Input material: Begin

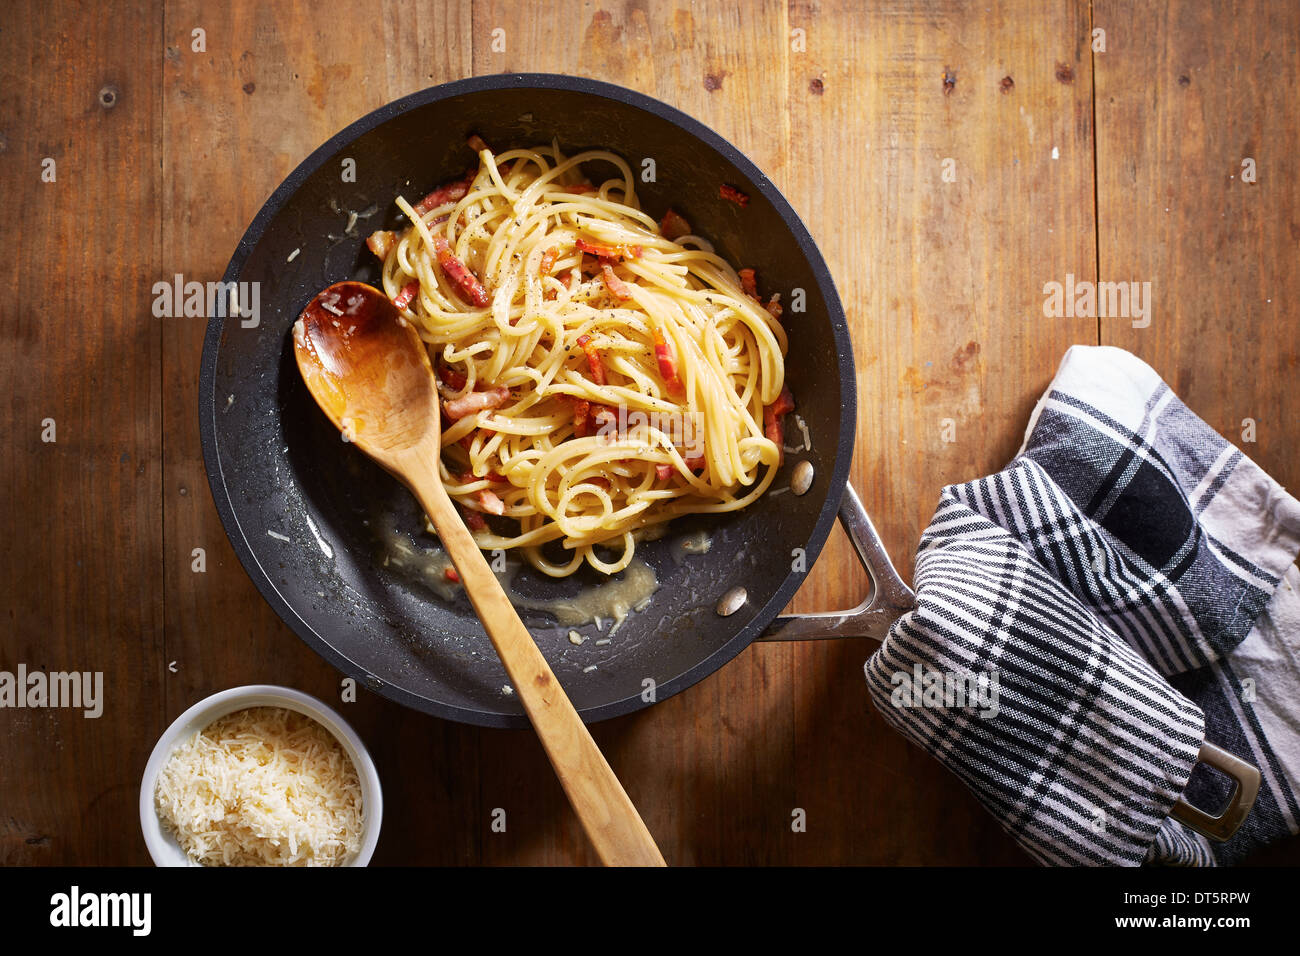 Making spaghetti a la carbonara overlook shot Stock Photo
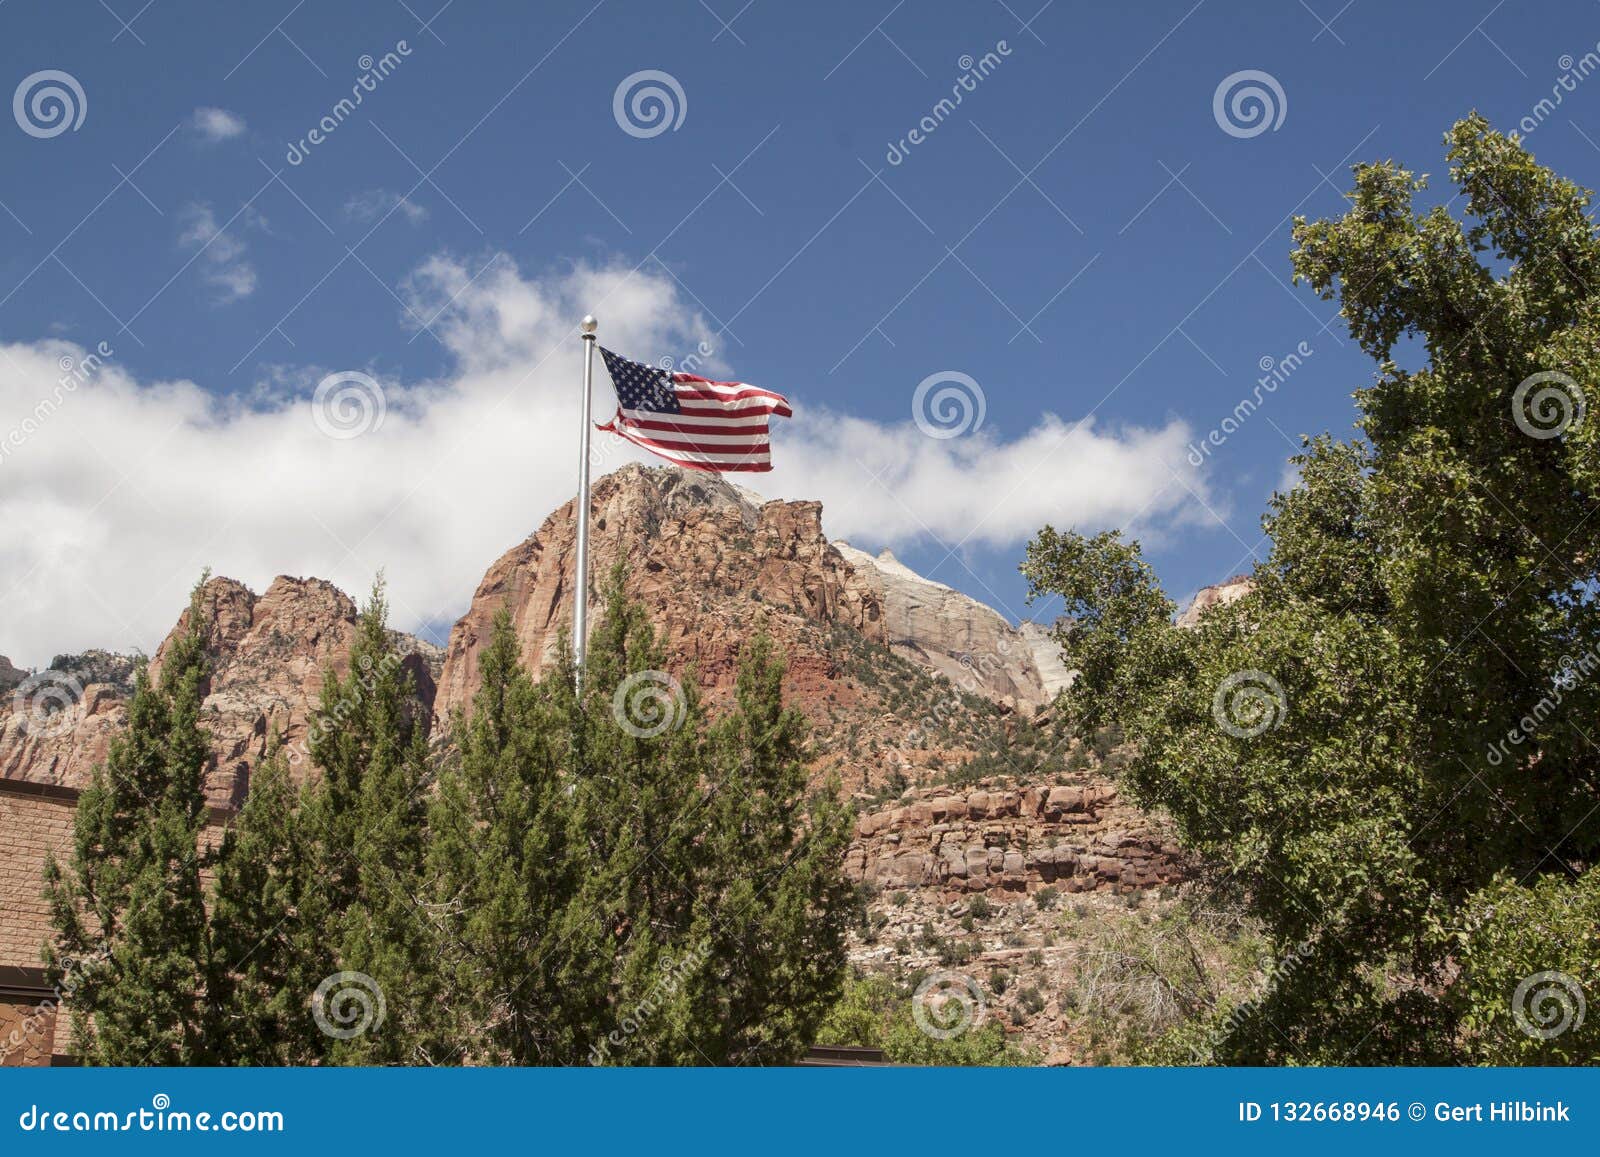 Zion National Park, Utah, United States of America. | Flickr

Input material: End
Input material: Begin

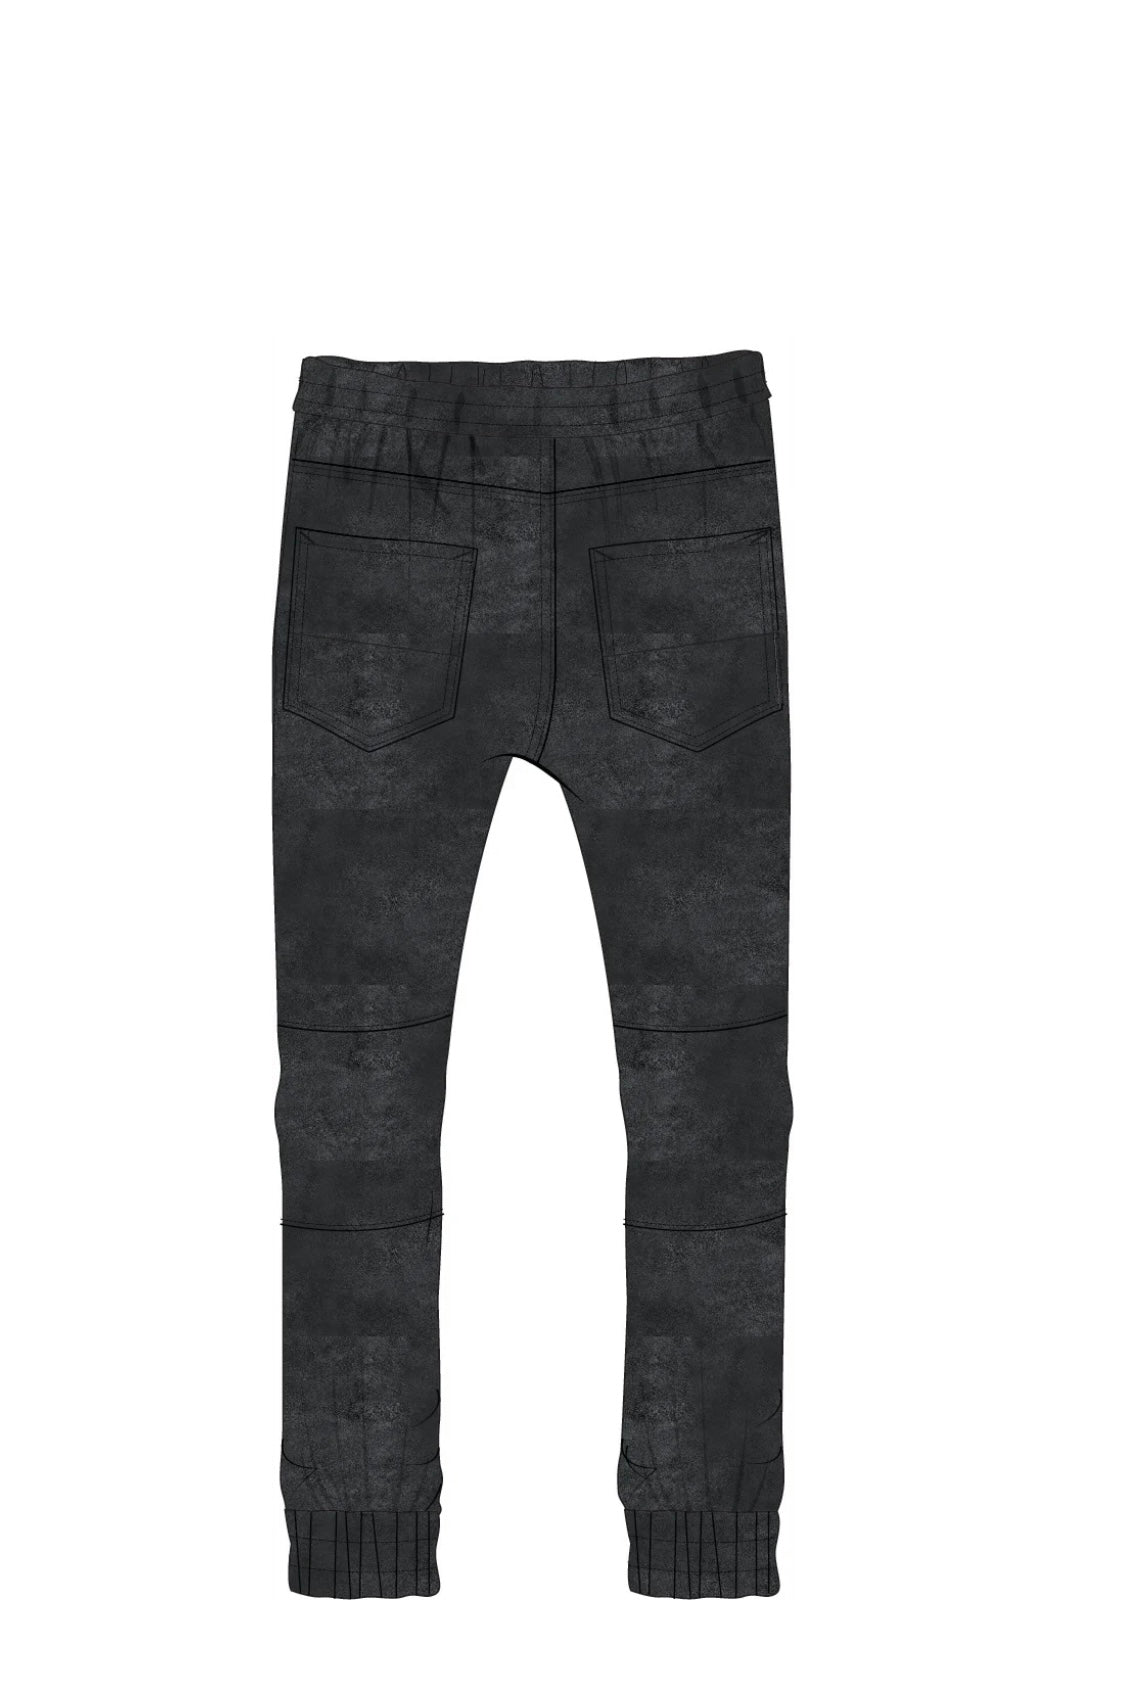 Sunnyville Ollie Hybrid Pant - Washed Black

Input material: End
Input material: Begin

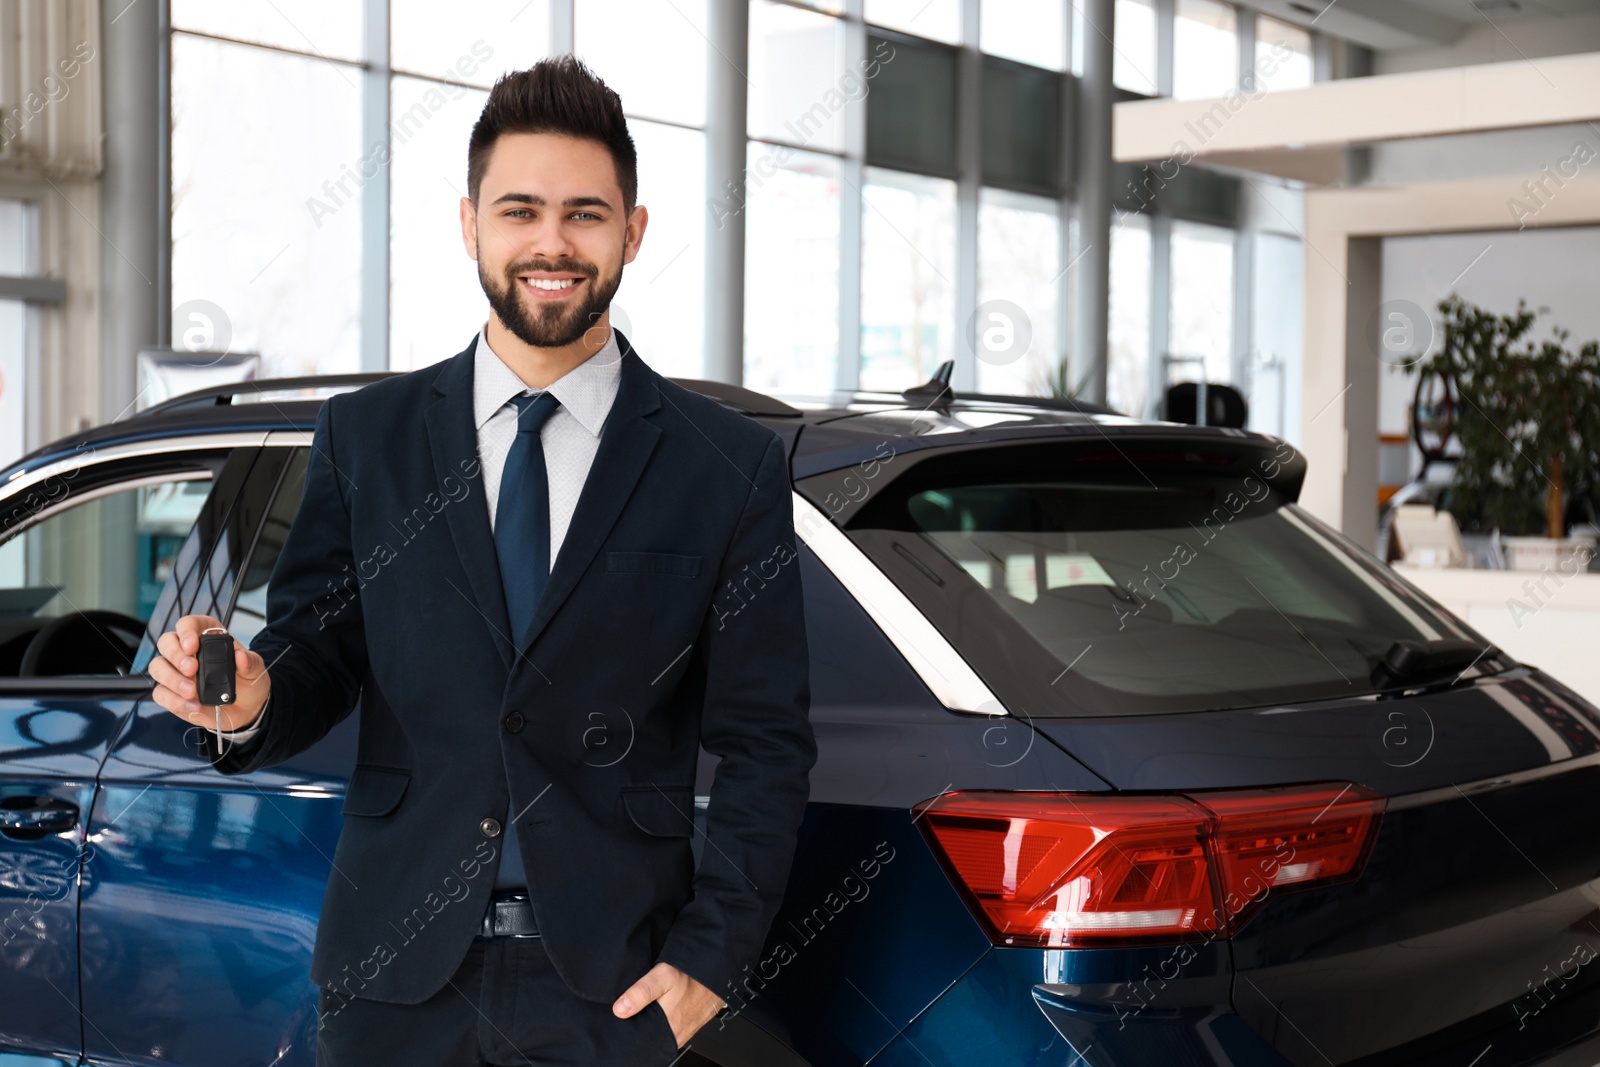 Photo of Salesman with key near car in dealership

Input material: End

Print the part of the listing above that opens with the line containing "Making spaghetti a" and closes with the line containing "Zion National Park, Utah, United". Copy it exactly, both ends included, and omit the pictures.

Finished task
 Making spaghetti a la carbonara overlook shot Stock Photo
 Zion National Park, Utah, United States of America. | Flickr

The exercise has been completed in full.